Oil gave way on Thursday amid doubts about the pace of the global economic recovery. U.S. light crude WTI gave up 1% to $52.34 a barrel for the March futures contract on Nymex, while North Sea Brent crude dropped 0.5% to $55.53.
Gold continued its slide, giving up 0.40% at February futures contract on the Comex to $1,837.90, marking its 6th consecutive session of decline, which had not happened for nearly two years, in March 2019. Silver, on the other hand, was propelled 2.1% to $25.92 an ounce (March contract), following a campaign by investors on the social network Reddit. After the day’s close, silver continued to climb, exceeding $26.50 per ounce.
Overall oil prices stayed steady with $50 mark for WTI and $55 for Brent. Thanks to optimistic figures on oil stocks, US WTI crude futures looked marginally better than Brent contracts. The gap between the grades decreased as a result and turned out to be around $3 per barrel.
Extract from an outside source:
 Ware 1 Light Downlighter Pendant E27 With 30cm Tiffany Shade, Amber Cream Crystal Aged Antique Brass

The decrease in inventories last week was confirmed by figures from the US Energy Information Administration (EIA), with the size of the reduction being greater than the API data indicated. Against the API forecast of 5.3 million barrels, oil reserves decreased by 9.9 million barrels. The decline was attributed to a drop in production by 0.1 million barrels a day to 10.9 million barrels a day, as well as an impressive decrease in net imports of 2.1 million barrels a day. The stocks of oil products showed mixed dynamics, which were not substantially different from the predictions. The use of refineries fell from 82.5 percent to 81.7 percent.
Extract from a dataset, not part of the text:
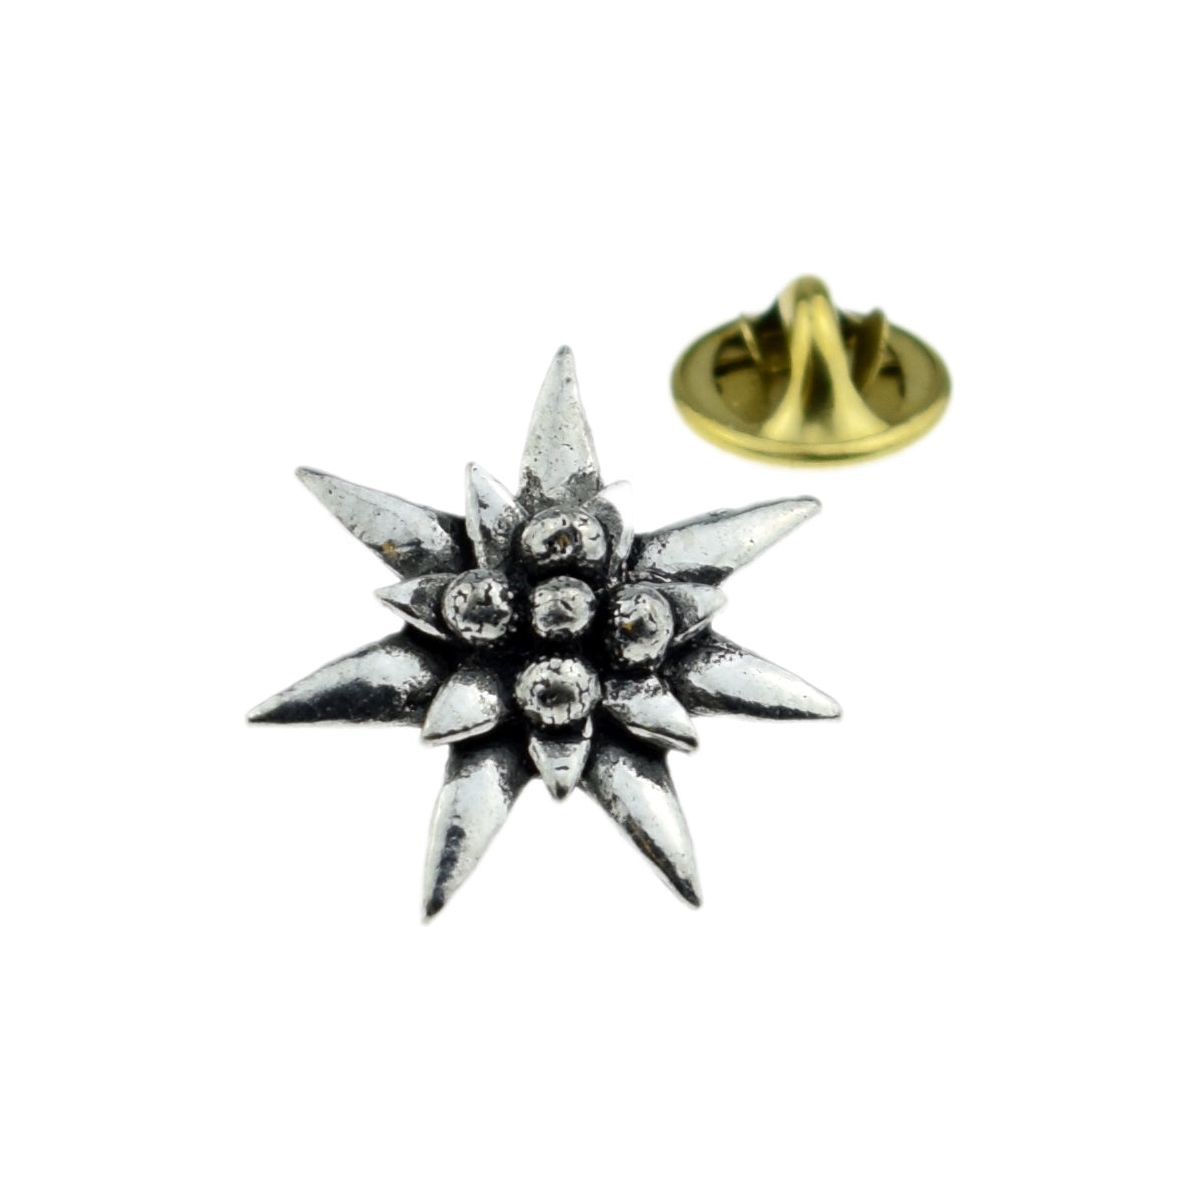 Small Edelweiss Pewter Lapel Pin Badge - Ashton and Finch

Against the backdrop of the release of the results, prices leaped, but a further deterioration in sentiment on world markets, linked to the dissatisfaction in the statement by the Fed, put pressure on oil and did not make a confident plus to close the trade.
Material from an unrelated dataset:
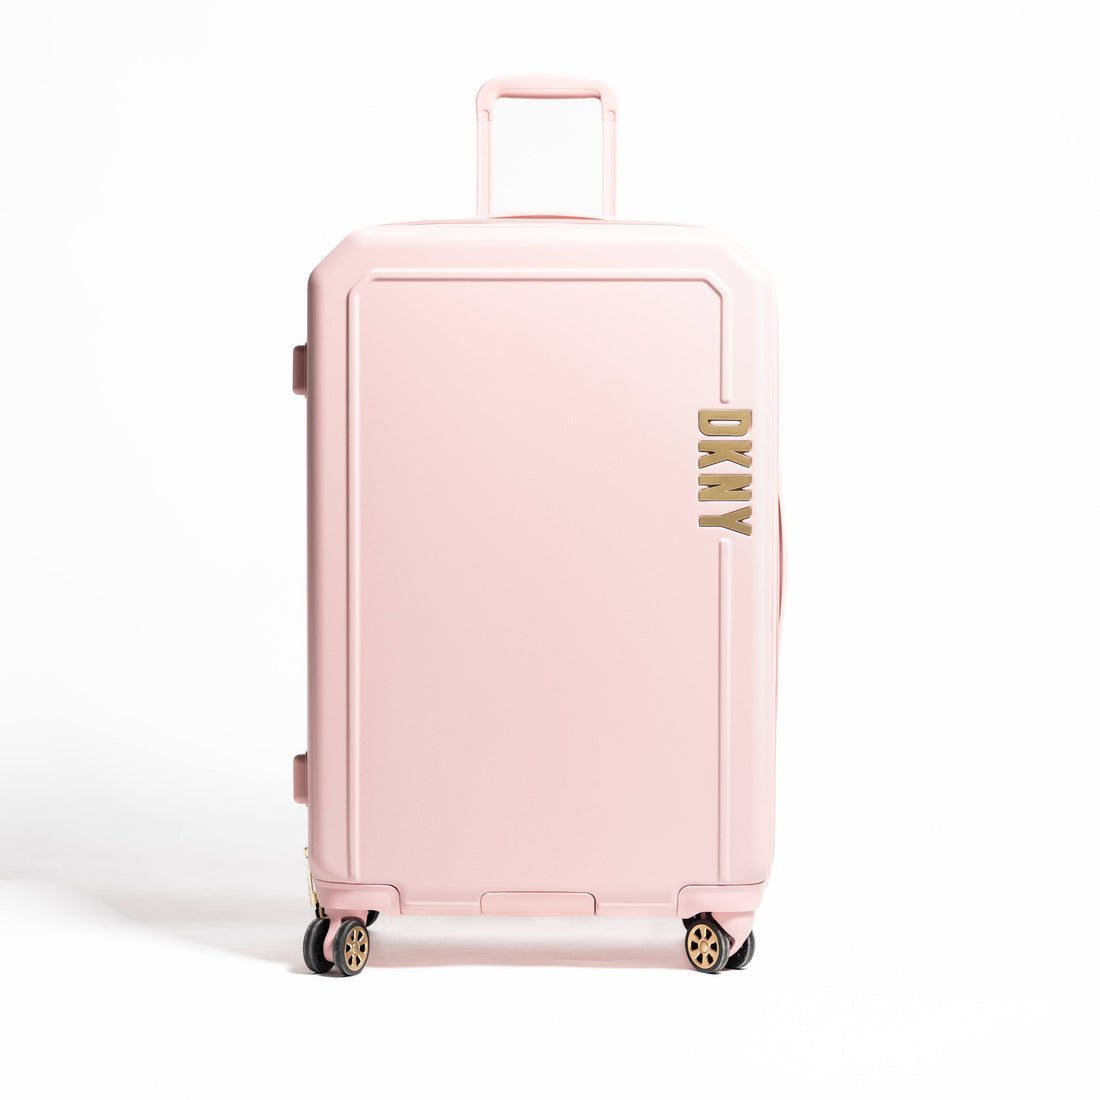 DKNY Rosey Large Luggage_DH818CC4_RO9_01

On Wednesday, the Biden administration in the United States revoked new leases on federal property for the extraction of oil and gas and reduced subsidies for fossil fuels. On federal property, approximately 22 percent of American oil and 12 percent of gas is generated. Around the same time, the carbon dioxide emissions share of businesses working on these lands is almost 25 percent. This makes it an essential priority of Biden’s environmental policy to restrict development on federal lands. How higher the pressure on the industry can really be is not yet apparent. Such a deterrent, however, further decreases the chances of a revived expansion of the shale sector and shale oil over-supply. This is a boost for oil markets.